Я вглядывалась в абсолютно пустые и безжизненные глаза подруги, пытаясь понять, что, в конце концов, происходит. Ну не могла Лида за такое короткое время выносить и родить ребенка. Со времени ее пропажи прошло не больше пары месяцев. Замерзнет же дитя на морозе! Вон у меня уже пальцы на ногах сковывает, а одета я довольно таки тепло.
Однако, приглядевшись повнимательнее, я поняла, что в свертке, который баюкала моя подруга, нет никакого ребенка. Лида прижимала к груди обычную советскую куклу. Такие куклы (обязательно бесполые, чтобы не развращать детей) продавались в «Детском мире». Был и у меня такой пластмассовый младенец. Но я, если честно, к куклам была всегда равнодушна. Ну не понимала я никогда, как можно было наряжать бездушное нечто и играть с ним в дочки-матери. Гораздо больше мне нравились машинки и конструкторы, однако родители почему-то решили, что я — какой-то неправильный ребенок, а настоящие девочки — на то и девочки, что носят бантики и играют с куколками.
Макс, все это время наблюдавший за нами, вмешался в разговор.
— Подруга твоя? — спросил он у меня, потушив сигарету носком ботинка. На лице его не было ни насмешки, ни удивления. Кажется, он все понял.
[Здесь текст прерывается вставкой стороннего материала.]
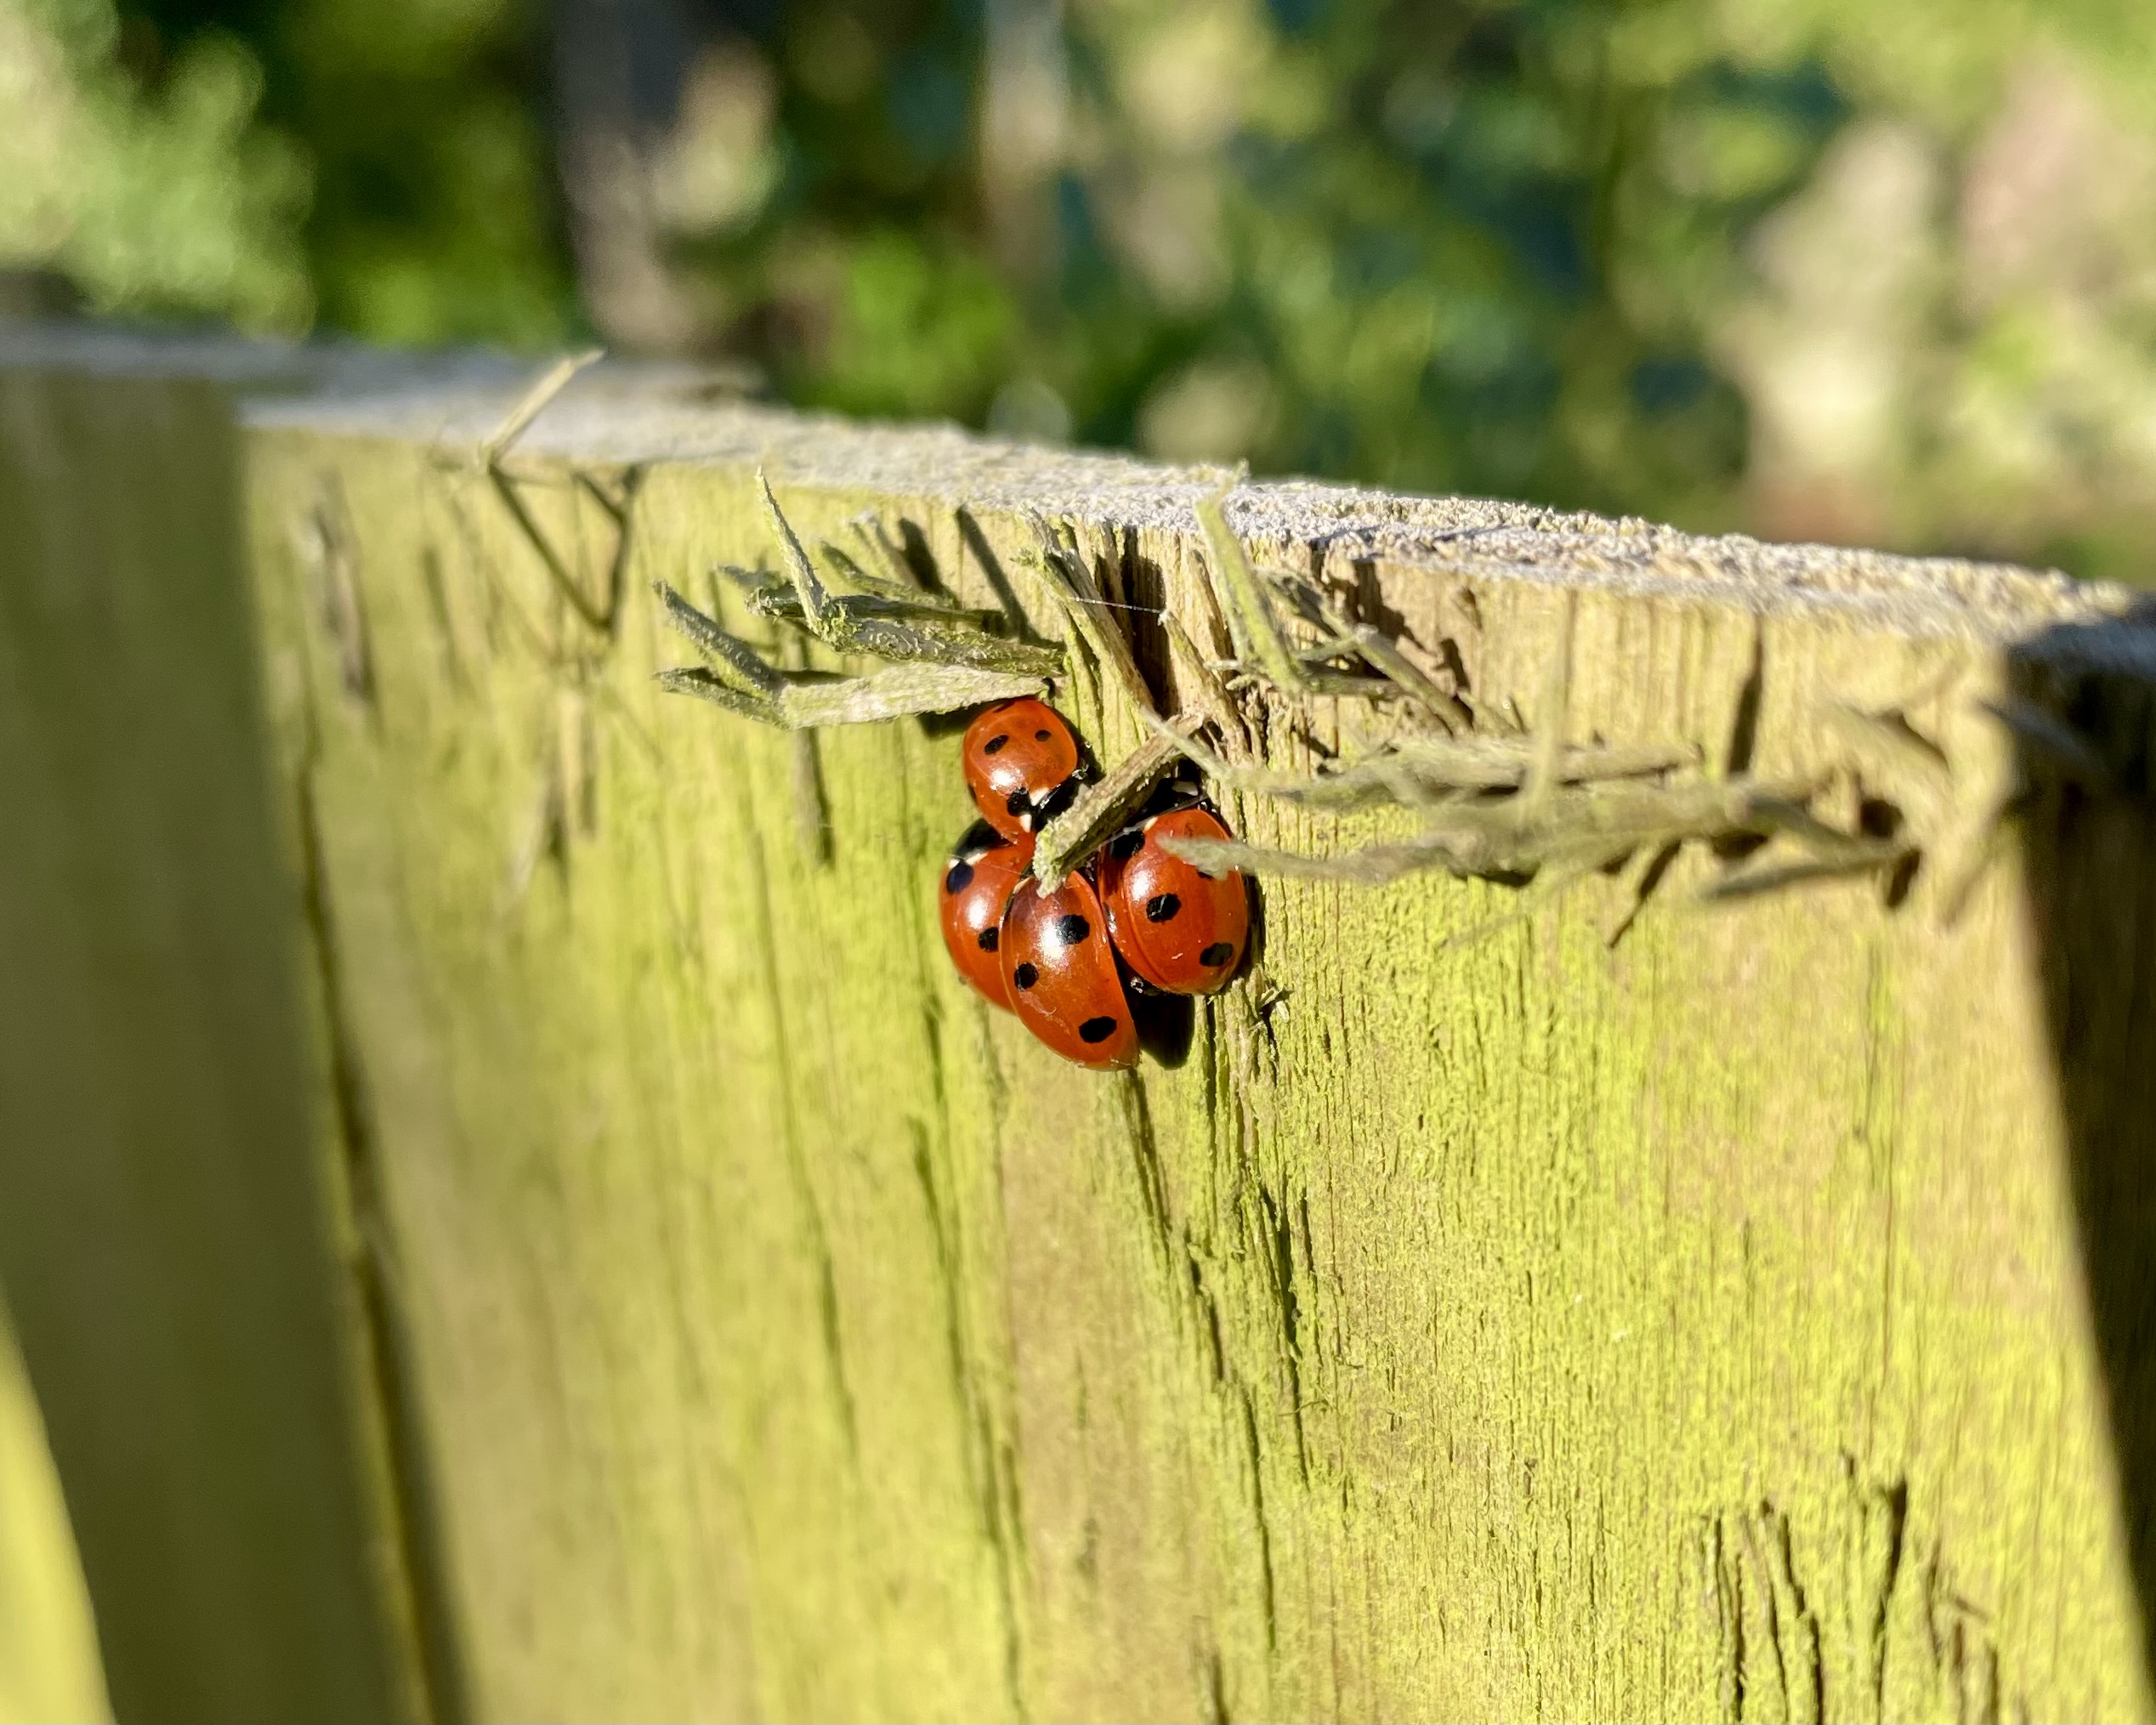 Ladybirds hibernating on a wooden fence

Я кивнула и вдруг разрыдалась, уткнувшись лицом в его поношенное пальто. Да что же это такое? Почему на мою веселую и никогда не унывающую подругу свалилась такая череда несчастий? Что ее теперь ждет? Постановка на учет в психоневрологический диспансер? Жизнь в унылом заведении с окнами на решетках и злыми санитарами? А что будет с Артемом и Тимошей? Каково с этим справиться будет ее мужу Андрею?
Макс обнял меня и крепко прижал к себе.
— Успокойся, все будет хорошо. Слышишь? Хорошо будет.
Лида, как ни странно, на мой плач совершенно внимания не обратила. Она, кажется, меня даже не узнала. Подруга продолжала все так же безучастно смотреть на нас в ожидании мелочи.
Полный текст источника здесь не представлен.